Turning off the tax cuts
So Hatch would effectively turn off all of the TCJA’s individual income tax cuts after 2025. He’d also repeal most, but not all, of the measure’s individual income tax increases. Importantly, he would retain the bill’s shift to a less generous method for indexing the tax code for inflation, called chained CPI.
He’d leave the corporate tax changes in place, effectively funded by the change in individual income tax indexing and the repeal of the ACA’s insurance mandate.
The revised plan would also reprise the yo-yo pattern of estate taxes many remember unfondly from 2010. It would roughly double the exemption amount through 2025, then return it to current levels. This is certain to generate a new round of bad jokes about knocking off Uncle Harry just before New Year’s Day, 2026.
The 2025 sunset of most individual income tax changes is not the only disappearing act in this version. More generous tax depreciation of business capital investment and special rules to allow first-year write-offs for investments by film and TV producers would expire after 2022. Another provision allowing citrus growers to take a deduction for casualty losses would expire after 2027. To further complicate matters, the bill would trigger several business tax changes contingent on total federal revenue collections through 2026.
Indefensible tax policy
This is indefensible tax policy. It would become the apotheosis of tax extenders, effectively turning the entire individual income tax code into the one giant temporary tax cut. Such a short-term tax reduction might make sense if the nation were mired in recession.
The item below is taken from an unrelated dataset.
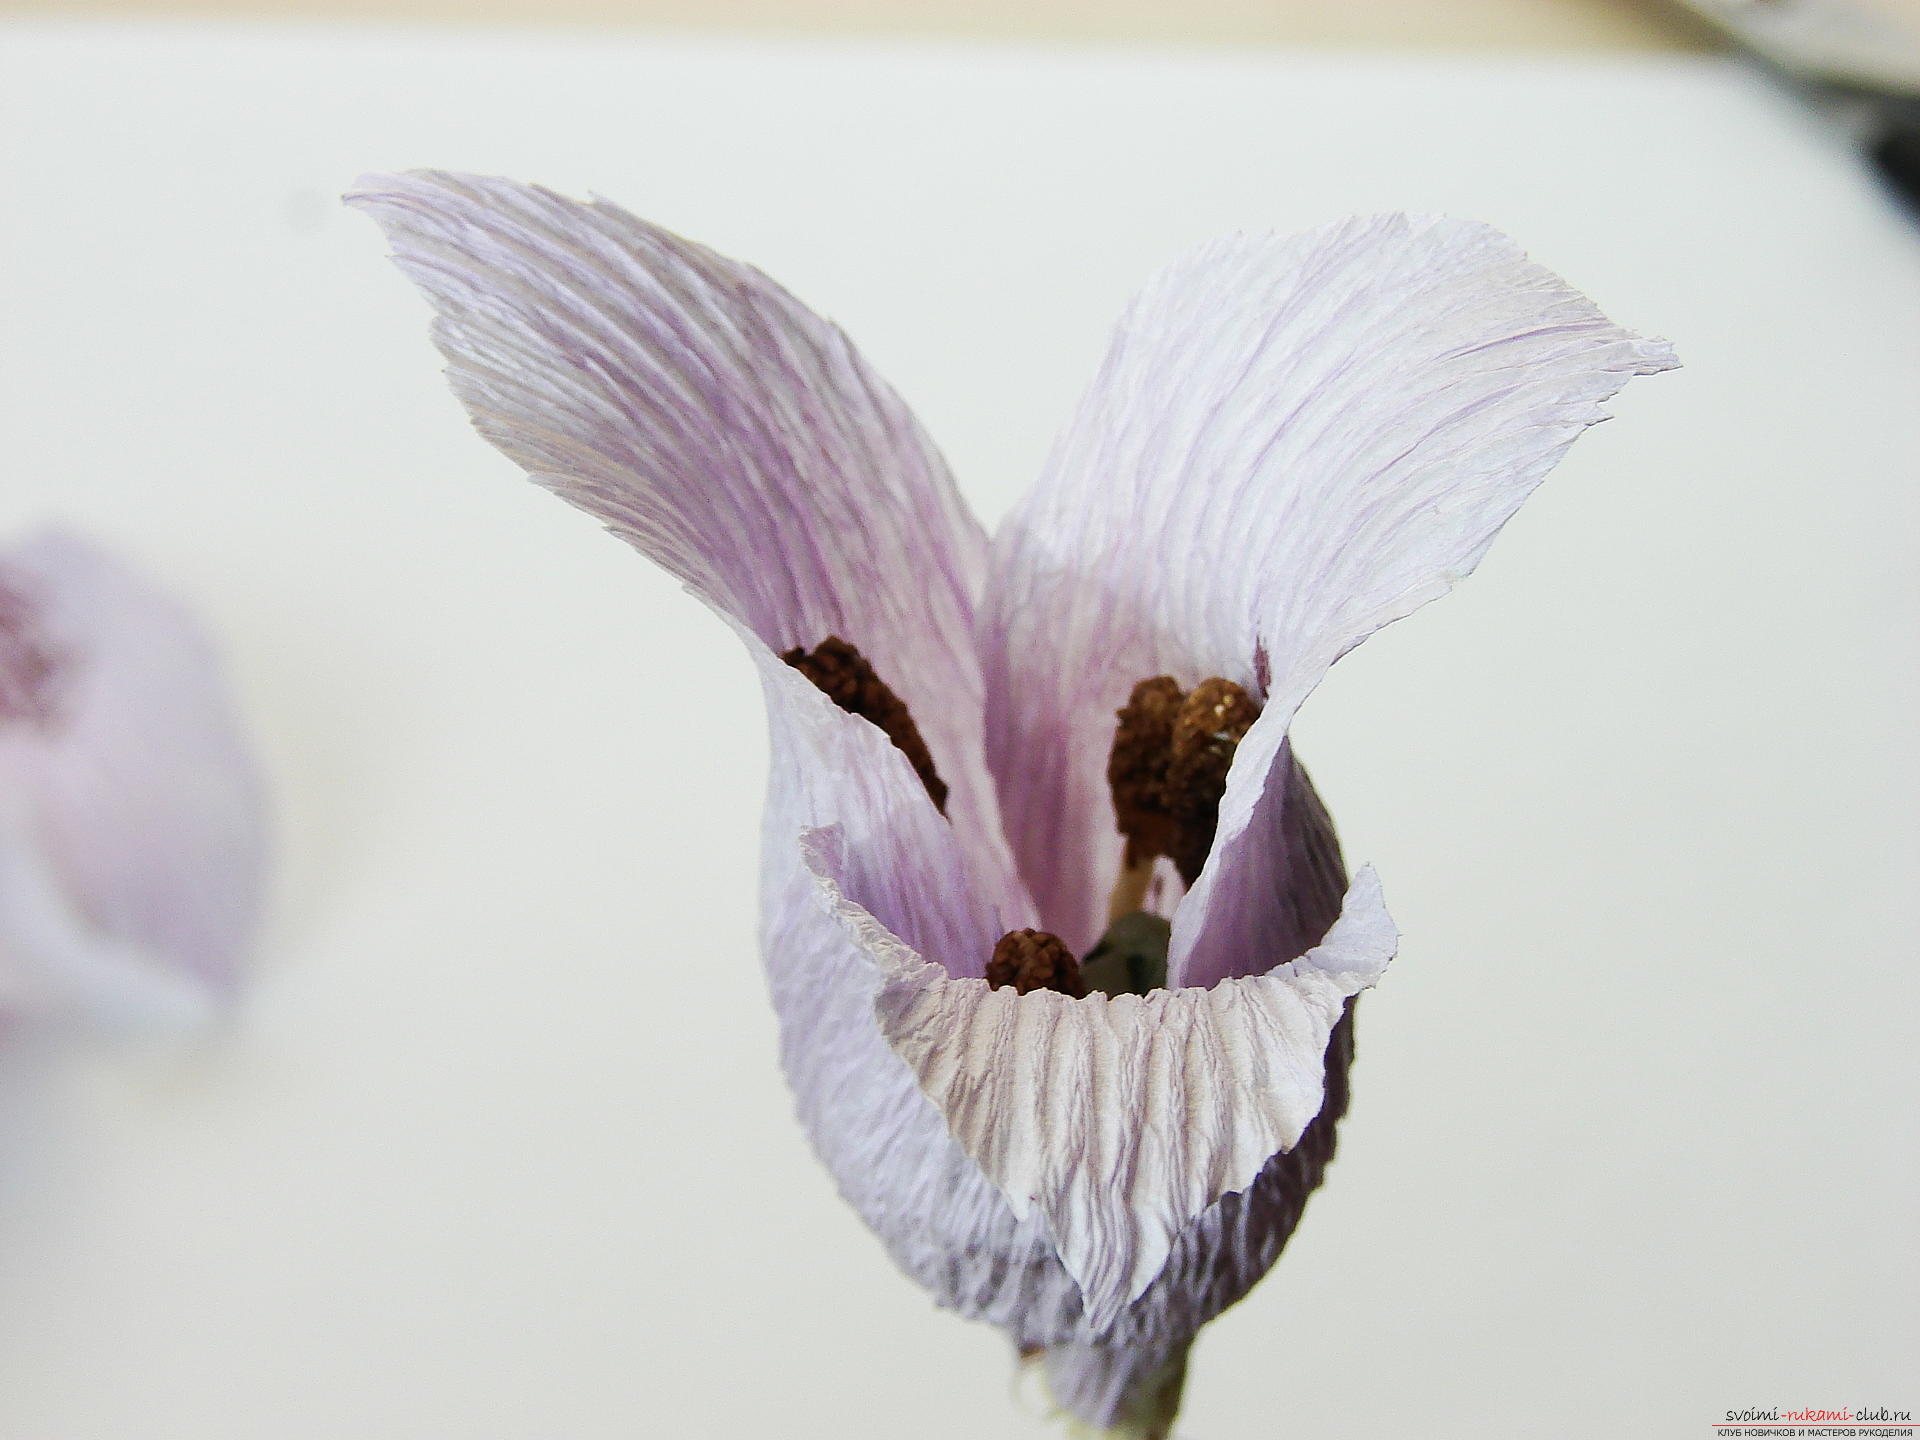 Мастер-класс научит как сделать гофрированные цветы своими руками – лилии из гофрированной бумаги.. Фото №30

But it is impossible to defend at a time of near full-employment, with the Federal Reserve already raising interest rates as the economy strengthens.
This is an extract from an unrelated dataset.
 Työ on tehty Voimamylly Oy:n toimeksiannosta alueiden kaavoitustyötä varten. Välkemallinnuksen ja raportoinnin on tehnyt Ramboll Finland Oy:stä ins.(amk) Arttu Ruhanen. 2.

The politics of Hatch’s Byrd gambit is premised on two big ideas: First, voters will be so enthralled by their initial tax cuts that they’ll ignore the bill’s future tax increases. Second, nobody—not even Democrats--would be willing to allow the bill’s tax cuts to expire. Democrats, of course, believed no-one would kill the Affordable Care Act.
And budget scoring aside, if the bill is extended after 2025 it would add hundreds of billions of dollars a year to the deficit.
Once touted by its sponsors as the greatest tax reform in a generation, the Tax Cuts and Jobs Act is rapidly descending into the mire of political expediency.